Анатолий Ким - Белка
В лесу я преображаюсь и, вмиг забыв о всех навыках цивилизованного существа, лезу на деревья и принимаюсь скакать по ветвям. Натешившись вволю, я взбираюсь из макушку самого высокого дерева и надолго замираю, качаясь на гибкой ветке. Причудливый мир вершинного леса открывается моим глазам, я вижу сплошную зелень, колеблемую ветром наподобие волн морских, но эти волны, опадая и вздымаясь — находясь в размашистом вольном движении, — не теряют своего первоначального вида, вновь и вновь с мягким упорством самых стойких существ возвращаются к своим очертаниям. И я часами с упоением смотрю, на буйное движение, ничего не меняющее, на плавный бег, никуда не приводящий, благоговейно постигаю мудрое свойство гибкого зеленокудрого народа быть податливым и легкому напору ветра, и урагану, но, поддаваясь, сохранять себя в первозданном виде.
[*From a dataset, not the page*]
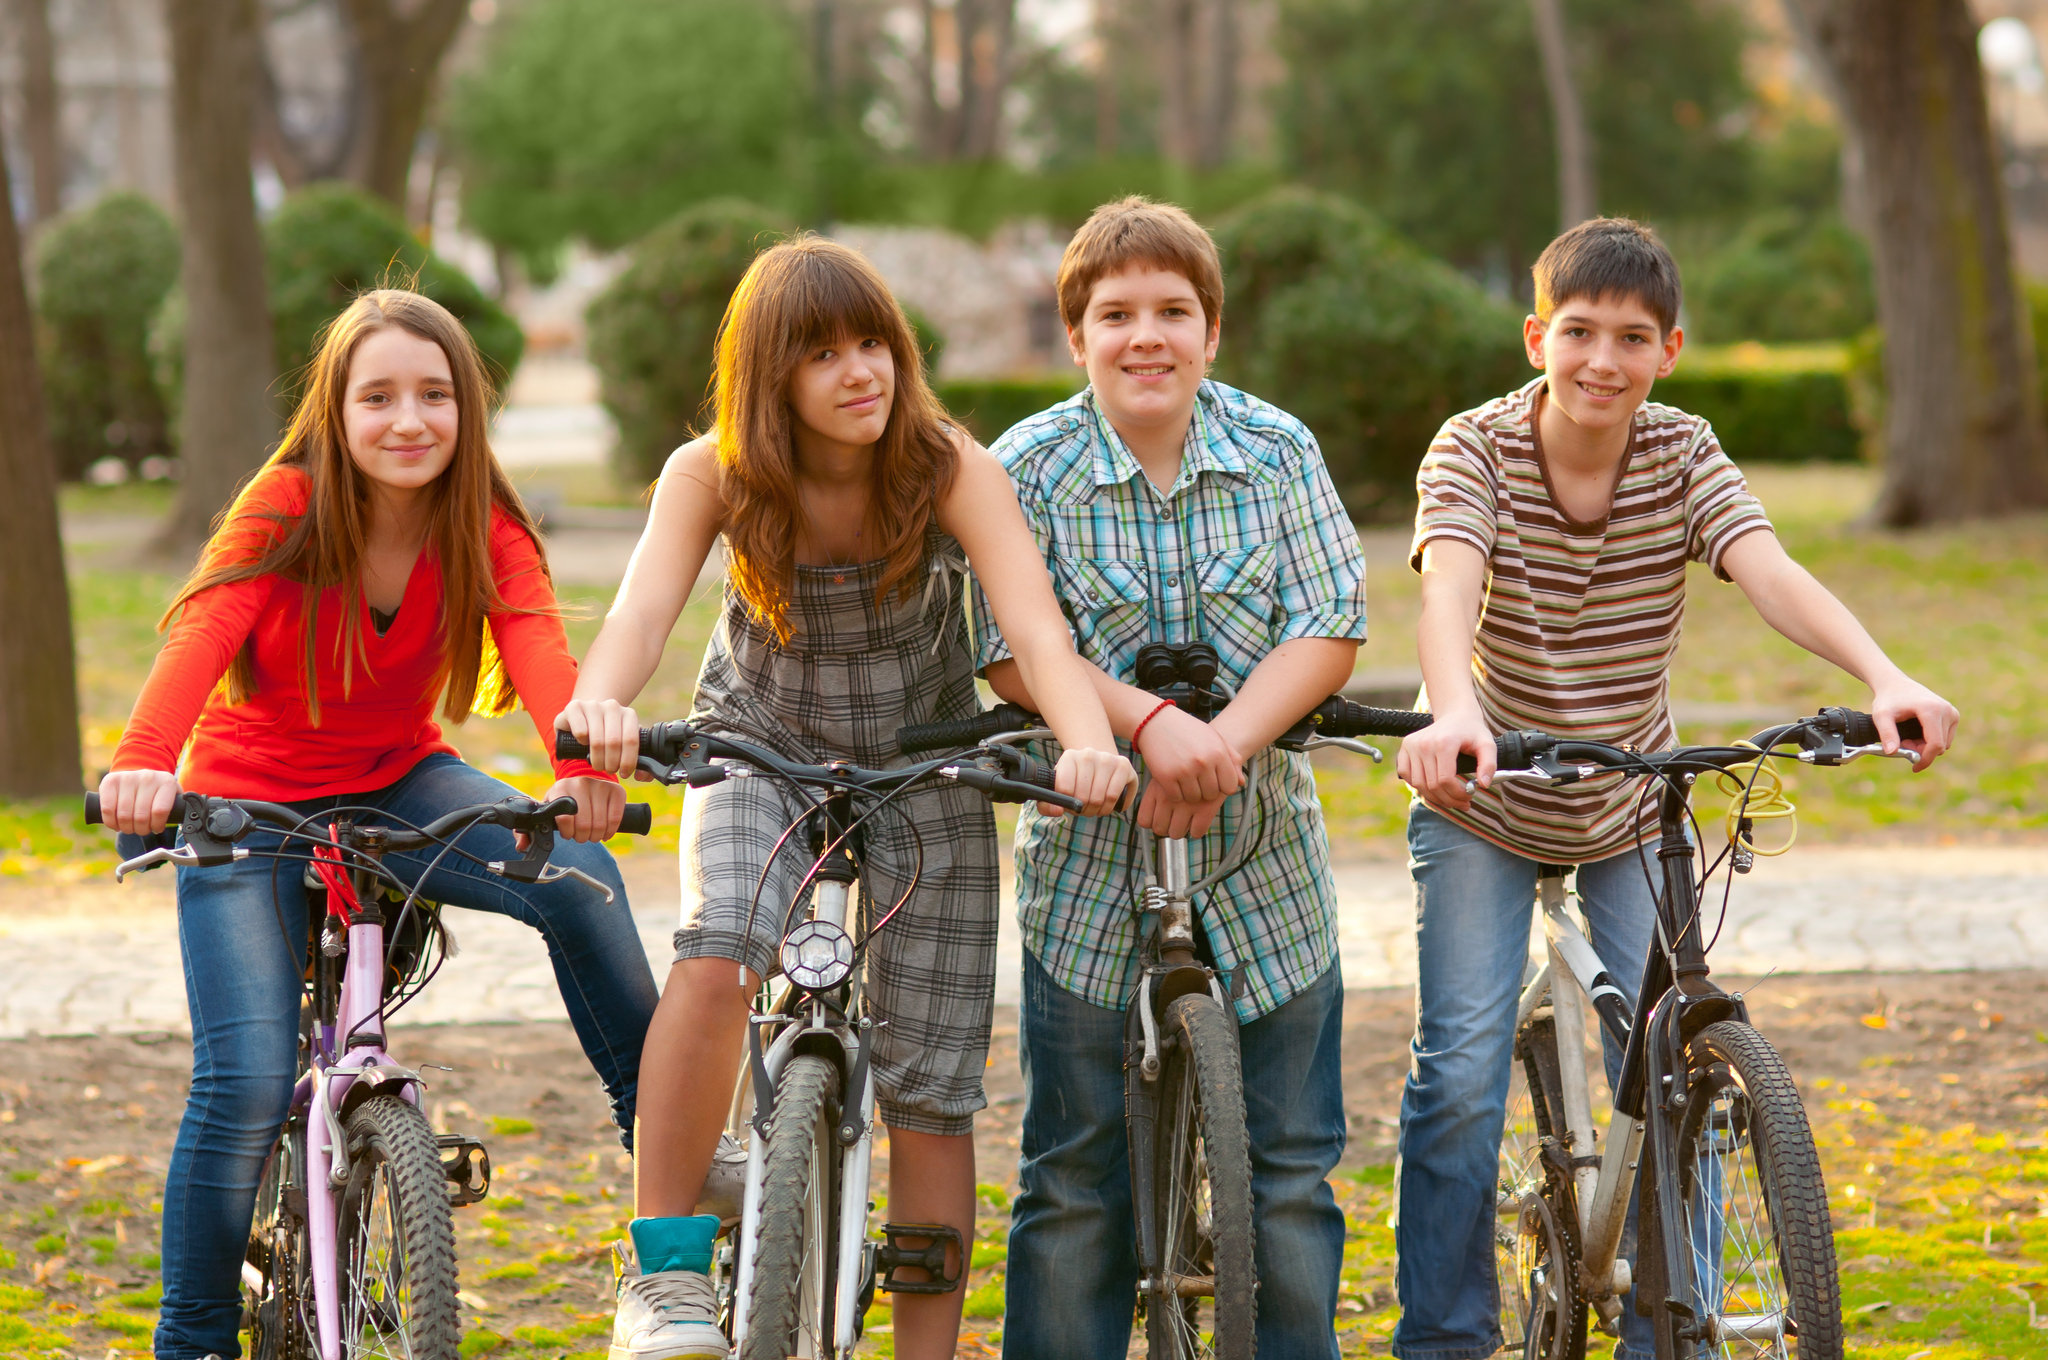 child-socialization-benefits-of-daycare.jpg

И зеленая страна зыбкой лесной крыши чудится мне наполненной крылатым народцем эльфов, которые с щебетом и звонкими криками носятся по макушкам деревьев, шевеля не знающую пыли листву…
А какие я нахожу в лесу грибы! Когда в грибном автобусе мы, издательские, выезжаем под выходной, вечером, и ночное шоссе, ярко освещенное фарами бесчисленных «грибных» машин, гудит, как встревоженное чудовище, и в автобусе стоит шум, веселый говор, затеваются песни, я тихонько сижу, забившись в уголок, и всю дорогу мелко дрожу от возбуждения, предчувствуя свои подвиги на грибной охоте. Уже в лесу, когда публика затевает громадный до нелепости костер и, прикладываясь к сосудам радости, собирается веселиться ночь напролет, я незаметно отдаляюсь в сторону и вскоре уже бегу, счастливо пофыркивая, по прохладной, пахнущей грибной сыростью земле, над которой простирает свой шатер сонный черный лес.
Рассвет застает меня в зачарованном углу леса, затерянной поляне, куда нет другим доступа, там и ждут меня белые грибы, мои покорные подданные, и я беру с них богатую дань. С первыми лучами солнца, проникающими в хладные сумерки проснувшегося леса, я, бывало, уже с полной корзиной отборных грибов и возвращаюсь к нашей стоянке.
По пути я то и дело встречаю незадачливых грибников, опухших после бессонной ночи и возлияний, и корзины их пусты, как правило. С треском продираясь сквозь кусты, толпами бредут через лес, невольно пугающий их своей неприветливой хмуростью, звериными космами мхов и дикой путаницей валежника; лихо аукаются, подбадривая себя, и больше терзаются страхом заблудиться, чем ищут грибы. Долго не находя их, собираются в кружок и устраивают совещания, как действовать дальше, а после нешироко разбредаются и вновь принимаются вопить, призывая друг друга и нещадно топча грибы, которые торчат под их ногами. Им, бедным, неведомо волшебное свойство грибов становиться невидимыми для тех, кого они боятся или не любят, а не любят грибы всякого, кто не умеет в лесу вести себя подобающим образом и поднимает излишний шум, кто не способен понимать наивной, самолюбивой серьезности дремучего лешего, хозяина и властелина влажных чащоб, который захочет — даст добычу, а не захочет — так и ни шиша не даст.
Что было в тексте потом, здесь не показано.